I am completely in over my head with logistic regression at the moment, so what follows is probably very basic and silly questions. But I would appreciate it hugely if anyone took the time to respond nevertheless!
I will be conducting a cross-sectional analysis involving data from a large cohort study. My goal is to look at the impact of one categorical (binary) predictor variable on five different categorical outcome variables, all of which can be considered different proxy measures for the same concept (hence why I am looking at all five, as no direct measure was collected in this data set - in essence, I am trying to corroborate my results by looking at the impact of the predictor variable on five different outcome variables supposedly measuring of the same/related concept(s)). As mentioned above, all of these variables are categorical. My outcome variables have different numbers of categories, ranging from 2 to 4. The 3- and 4- category variables are ordinal. All of these variables (both outcome and predictor) are basically items on self-report questionnaires.

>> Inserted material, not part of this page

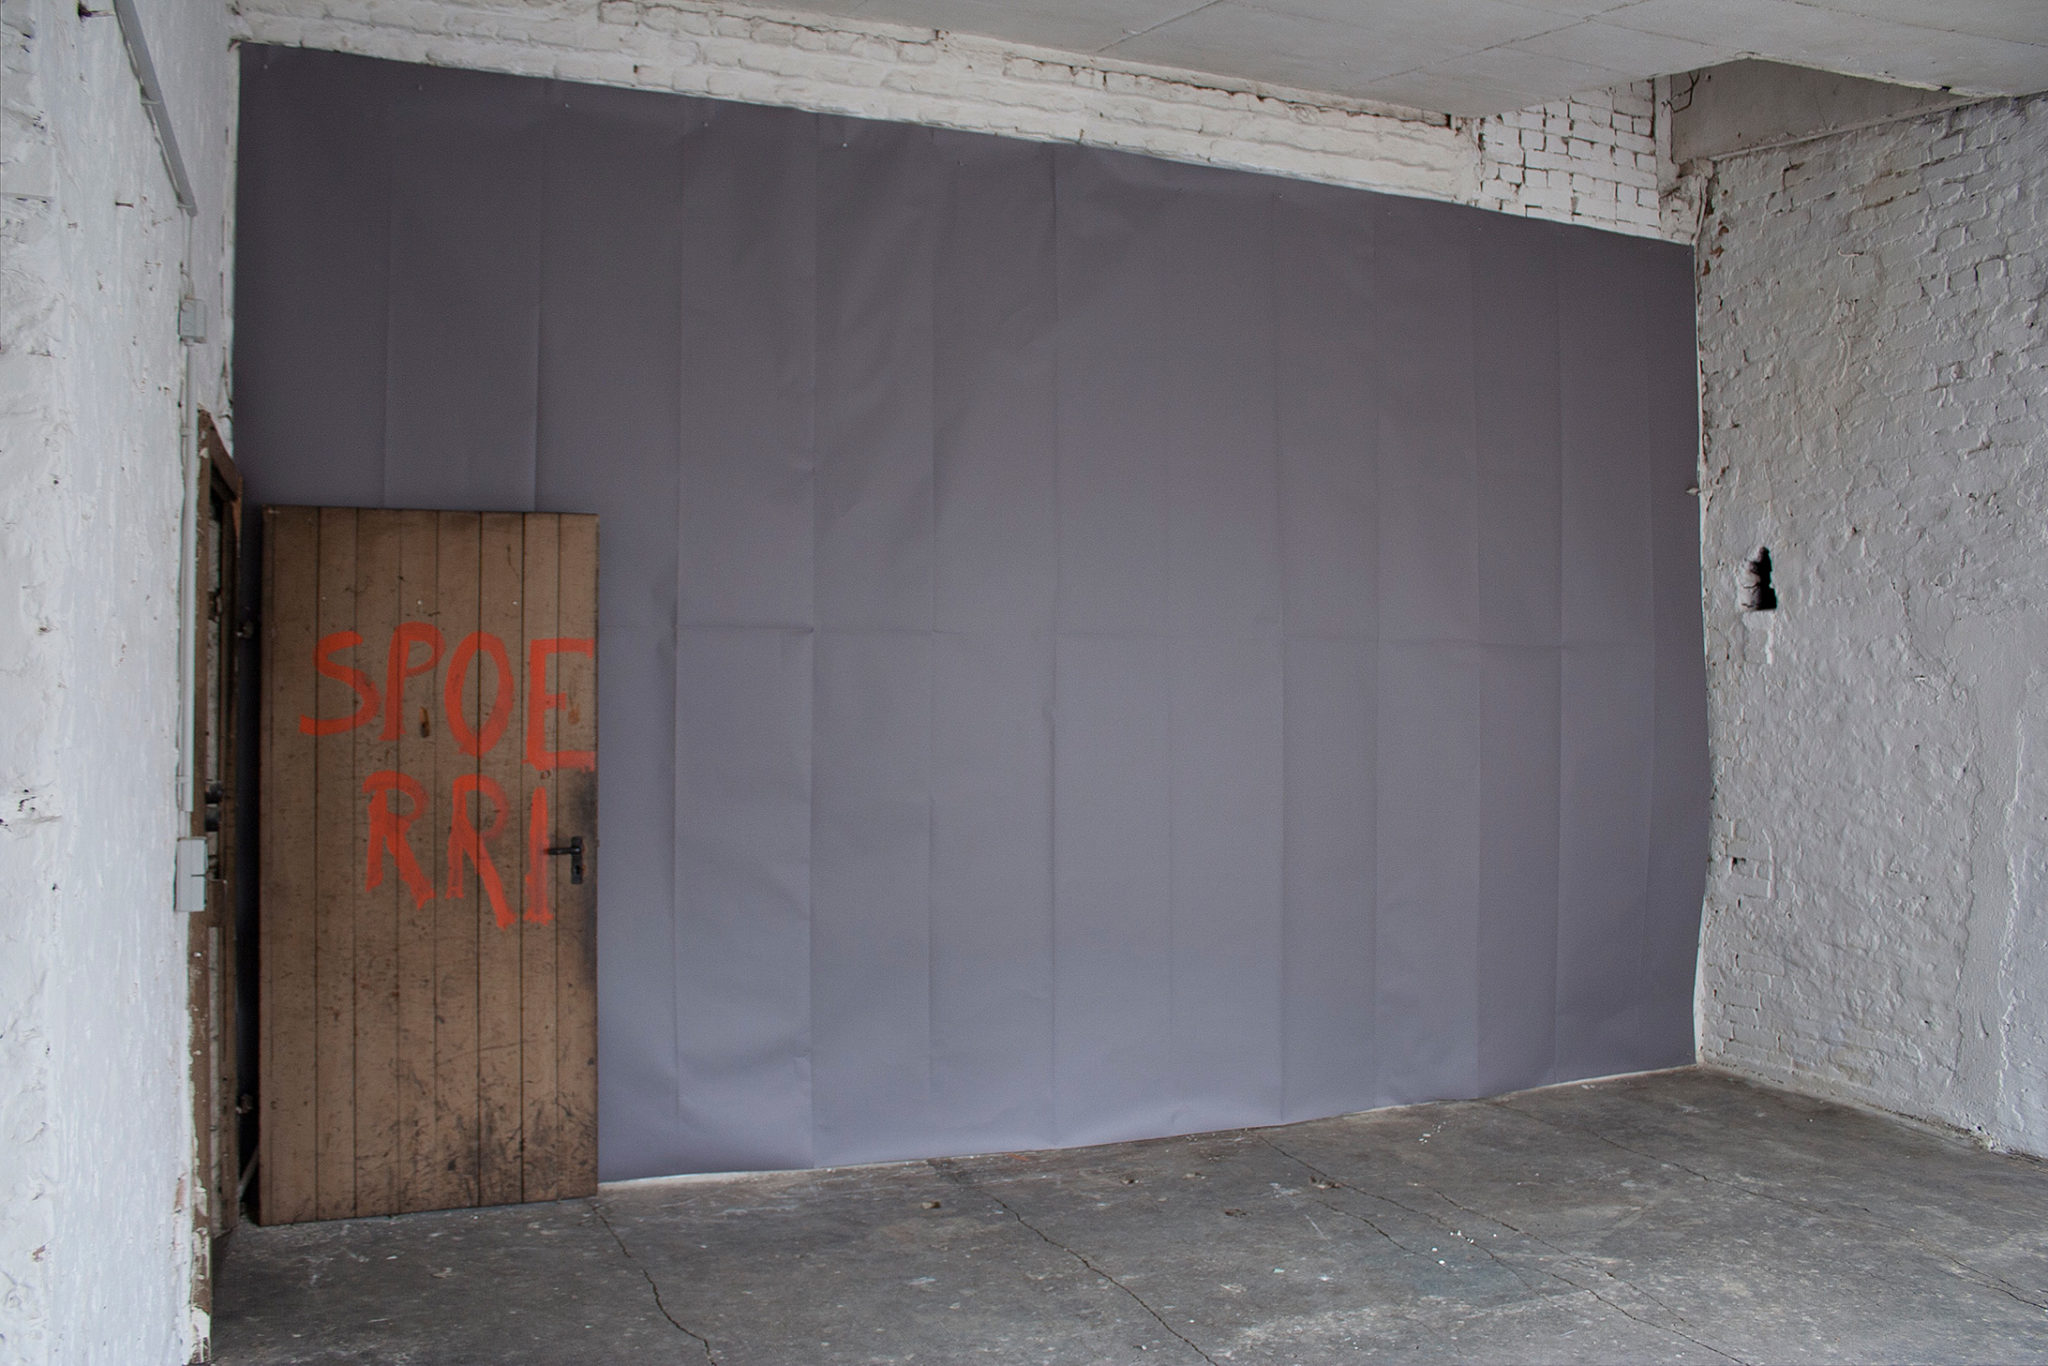 13-Gaylen-Gerber_Studio-for-Propositional-Cinema_18.-Oktober_-8.-November_2015

Does this sound way over-complicated and mad? If this sounds like a terrible plan, I could potentially get rid of some of the outcome variables and just use fewer ones instead, although ideally I would use all five. I am currently completely lost with regards to how to analyse this. The only way I can think of would be to run separate logistic regressions for all of these outcome variables.
Any advice on how to analyse data like this would be hugely appreciated!